My daughter is veggie. Actively feeds her meat when I’m not there.
I have ocd and get very anxious about new items coming into the house. Hides my old clothes and toys in m’s school bag, which I immediately throw in the bin in anger and so begins a charade of her checking where it is the next time she visits but unable to ask me where it is owing to its secretive means of entry.
My mum and dad: leaving their shoes on when coming into our house. Really low level annoyance, but an annoyance nonetheless
My in-laws: not medaling in the way we run our house. They’re constantly tidying, tinkering and moving stuff in our house when they come up to look after the kids on a Monday
get away with this pretty lightly really as its a small family, at a distance.
Partners mum is a feeder.
Already when she serves up my plate is twice as full as anyone else’s, then when I’ve finished she insists I have more, and if I say no then works through each individual item on the plate… what no more sausage… go on just finish of the etc sometimes good, and I’ll have more, but when Im feeling overweight or just full then its pretty tiring
Dad: not accepting I don’t like olives, has offered me some of his every time he has them for the last, oh, 20+ years running
Mum: interpreting almost every question I ask as a statement, so if I ask “what do you think of A or B?” I’ll always have to stress right after that it’s just a question and I’m not necessarily pushing for A! Little dance that happens every time
My dad tends to ignore me on the date of my daughters’ birthdays, the spelling of my eldest’s name, the impact of her autism on her everyday life (she’s a ‘fussy eater’ for refusing foods that make her physically retch; she’s ‘not that autistic’ because she’s high-functioning etc).
In contrast, my in-laws are great. They used to be quite difficult and in denial about how tricky things are for us as a family, but they’ve made real efforts to understand us more, understand my eldest’s needs, reduce the number of things at their house that are triggering/overstimulating, and so on.
This all sounds familiar, obviously not on the autism stuff but m has clothing sensitivity that I thought may have linked to autism and she never used to eat much. Not particular foods just she didn’t have an appetite. My mum would not stop banging on about it, and even now she’s of the old school of say what you want in front of kids regardless of its emotional damage, so she’ll still bring it up like she should be ashamed of not having had an appetite when she was a year old.
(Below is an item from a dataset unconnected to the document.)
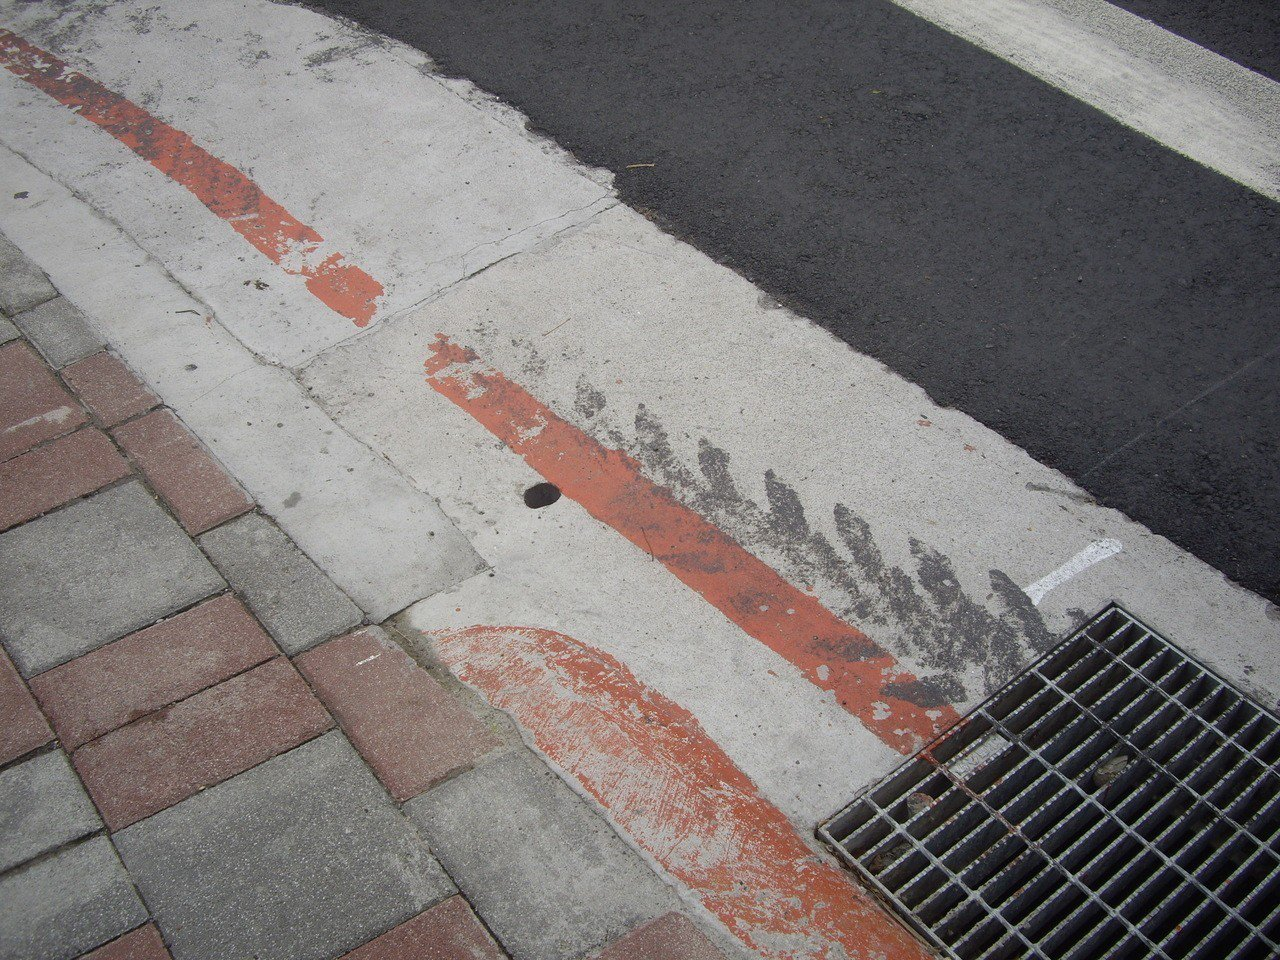 台灣人行道力推無障礙,台北市把許多路口的90度垂直角磨成斜坡,但每個斜坡大小、斜...
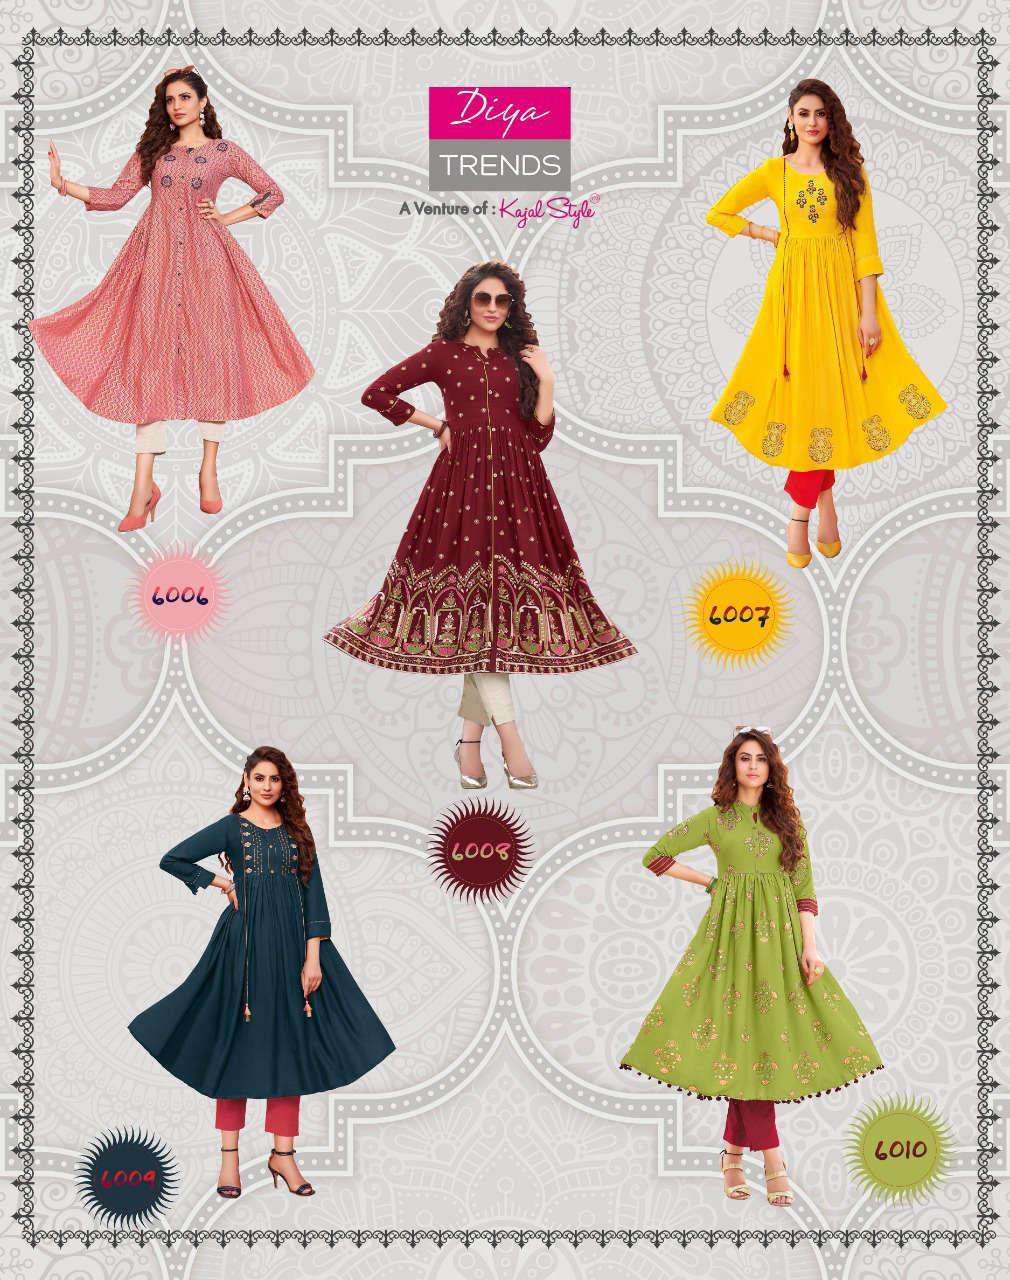 Diya Trends Ethnicity Vol 6 by Kajal Style Kurti Wholesale Catalog 10 Pcs 15 - Diya Trends Ethnicity Vol 6 by Kajal Style Kurti Wholesale Catalog 10 Pcs

As a kid I dreaded becoming a mum one day because of how my own mum would behave and I’m disappointed to realise I was completely right!
Just everything really. Gave up on any active engagement when I was about 25, seemed pointless wasting my emotional well-being on people who simply didn’t care.
Despite the fact we’re all grown adults now they’ve never stopped treating me like the youngest, so there have been a couple of times where there’s been ongoing family drama that I’ve been shielded from for whatever reason, which is quite weird. They also just don’t seem to trust my opinion on anything practical other than how to record stuff on the Sky Box.
This has reminded me, the last two times my mum had my daughter she’s told me what they’ve done in the finest detail. However my daughter has then said oh we saw your uncle Keith, and the next time she said she saw my two nephews. My mum has left these visits out of the stories completely and on purpose. I have absolutely no beef with these family members, I’d like her to see them. My mum, in her head, has decided I don’t like them or something?! And has kept it from me. This is on-brand behaviour for my mum that I just can’t ever bring myself to raise with her as I just don’t understand it. I think she just has to have secrets to survive.
the concept of not having kids vs my family is extraordinary outside of my mum, who is very cool about it. the rest literally laugh as if i’m pulling off some kind of long con.
That’s awful, really sorry to hear that. My in-laws regularly give my kids non-vegan stuff by accident but I think they’re slowly learning to just let us screen stuff instead of trying to identify vegan stuff themselves. They’d certainly never do it deliberately and neither would my mum.
In answer to your question: my mum basically ignores everything I say. She’ll ask, how are you? and I’ll start answering sincerely about my job or whatever and then halfway through she’ll butt in and say something like, ‘oh, I didn’t tell you, your Aunty June saw a squirrel in her back garden the other day!’.
I just say ‘fine thanks’ now and change the subject.
Haha yes, I just don’t talk about anything with my mum because of this. She asked me how my weekend was on the phone and I actually wanted to tell her but hadn’t even finished my intake of breath before she started telling me about Strictly.
My husband’s family choose to ignore that I didn’t change my surname when we got married and that our kid’s surname is double barrelled. They pretend that they can’t remember or that it’s complicated when really it’s just that they can’t grasp why anyone would deviate from the norm.
My dad’s wife claims not to remember that we’re vegan or not to understand that meat is not vegan - I can’t figure out her particular difficulty in understanding why we don’t eat chicken and never have in 15 years of knowing her.